Les premières descriptions cliniques remontent à l’Antiquité mais l’intérêt porté aux conséquences des traumatismes sur la santé mentale est récent. Le trouble de stress post-traumatique (TSPT) est né de la rencontre de la psychiatrie issue du DSM (manuel diagnostic élaboré par l’Association américaine de psychiatrie à partir de travaux fondés sur les biostatistiques) et de la nécessité d’offrir des soins spécifiques aux vétérans de guerre du Viêtnam.

Le TSPT est considéré comme une maladie psychiatrique par l’ensemble de la communauté internationale – il y a désormais sur ce point une hégémonie de pensée. La multiplication des causes traumatiques individuelles et collectives lui donne une place centrale au-delà des pays occidentaux, par exemple dans des nations victimes de génocide (Cambodge, Rwanda…). Le TSPT regroupe un ensemble de caractéristiques dont l’existence commune est nécessaire pour conduire au diagnostic : altération dans le domaine de l’humeur et de la cognition, de l’éveil et de la réactivité ; reviviscence de l’épisode traumatique et évitement.

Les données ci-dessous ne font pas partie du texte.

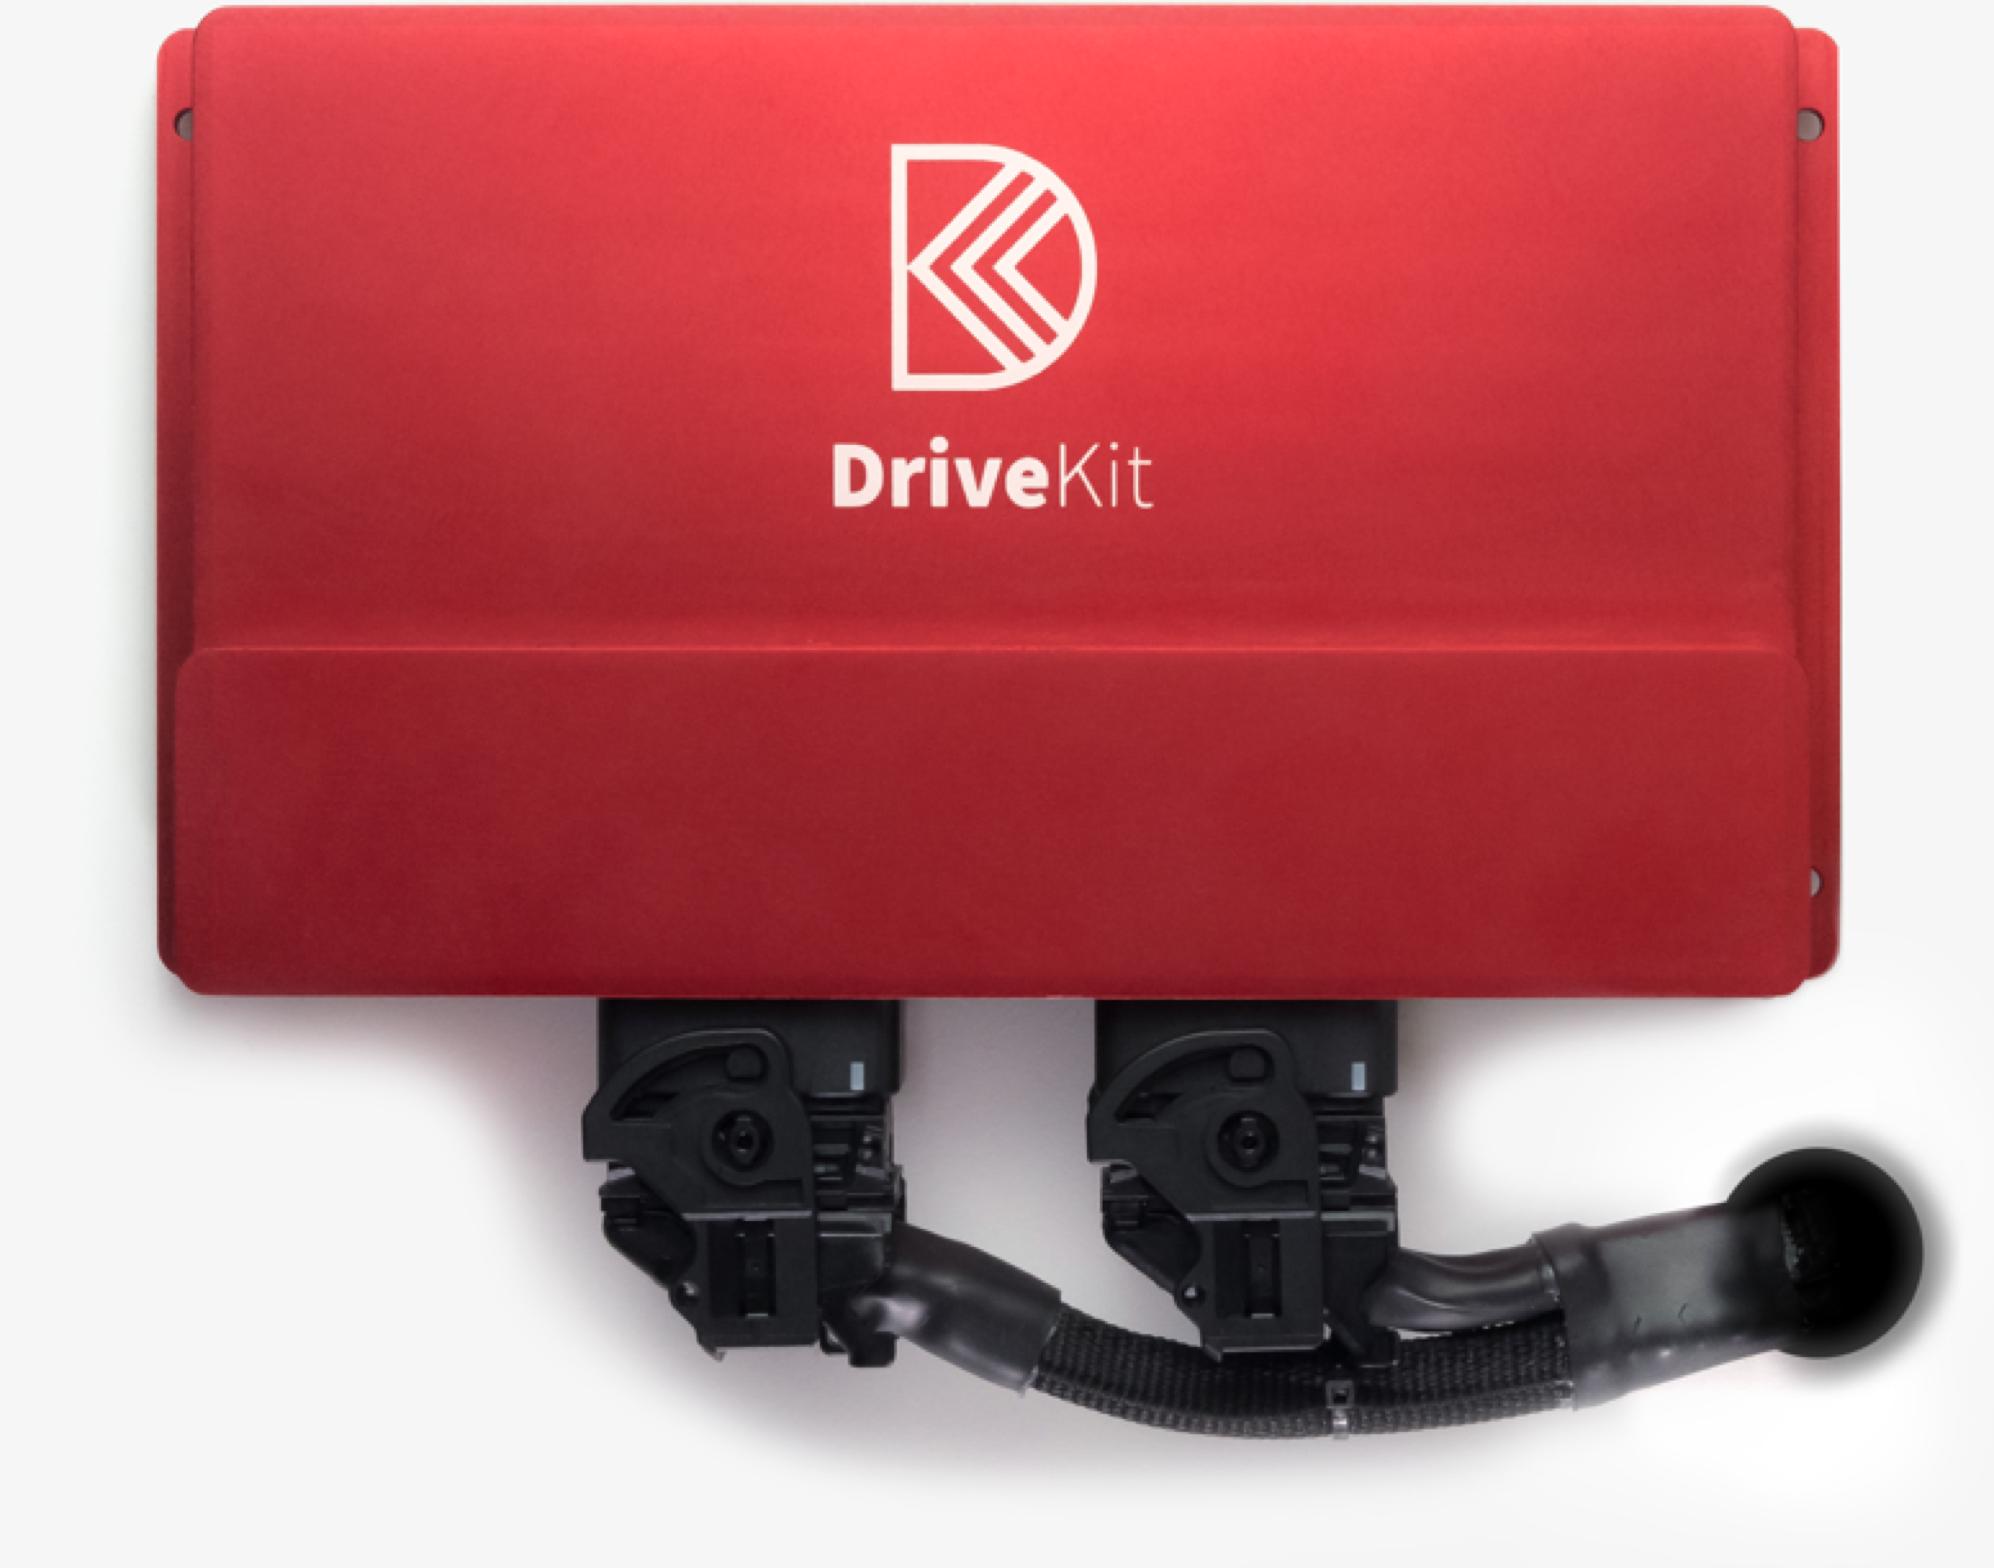 PolySync DriveKit

Ce diagnostic est le seul qui relie directement un trouble à un événement défini comme potentiellement traumatique (notion de mort imminente, atteinte à l’intégrité physique, mort violente…) que l’exposition ait été directe ou indirecte (pour un témoin…). Cette notion revêt une grande importance pour la reconnaissance des victimes. Selon le DSM, le diagnostic de TSPT est porté lorsque le trouble de stress aigu perdure plus de quatre semaines après l’événement traumatique, mais il peut aussi se déclencher jusqu’à une année plus tard.

La plupart des travaux épidémiologiques ont été réalisés aux États-Unis et font état d’une prévalence du TSPT de 5 à 12 % en population générale. En France, l’étude Impacts menée par Santé publique France non seulement sur les victimes des attentats de janvier 2015 (et leurs proches), mais aussi sur l’ensemble des personnes exposées à ces attaques (voisins, soignants, forces de l’ordre…) montrait l’importance des conséquences des actes terroristes : six mois après, quatre personnes sur dix présentaient encore des troubles de santé mentale.

Pour les populations pédiatriques, les études de grande ampleur sont plus rares, mais la reconnaissance du risque de trouble pour la santé mentale des enfants ainsi que de sa spécificité ne fait plus débat. En France, après l’attentat du RER B à Saint-Michel de 1995 s’est constitué un réseau national des cellules d’urgence médico-psychologiques, qui depuis intervient dans les heures suivant l’événement. Par la suite, l’importance des parcours de soins spécialisés pour les victimes a été reconnue grâce au rapport de Françoise Rudetzki sur la création du CN2R, puis à la constitution d’un réseau national des centres du psychotrauma en 2019. Le traitement du TSPT, qui doit s’inscrire dans le cadre des bonnes pratiques recommandées, utilise diverses approches : psychothérapie, thérapies corporelles, EMDR, apport pharmacologique… Pour déterminer les mieux adaptées, il est indispensable de procéder au préalable à une évaluation clinique des besoins de la victime.

Le TSPT est donc une entité clinique bien définie qui permet aux praticiens, aux chercheurs, aux experts, aux victimes de parler le même langage dans tous les pays. Au-delà des progrès que cela a engendrés, il ne faut pas oublier que chaque victime d’un traumatisme est une personne avec une histoire, un contexte de vie, une culture qui ne sont pas identiques. Chacune mérite un accueil individuel, une écoute, une prise en charge et un accompagnement au long cours.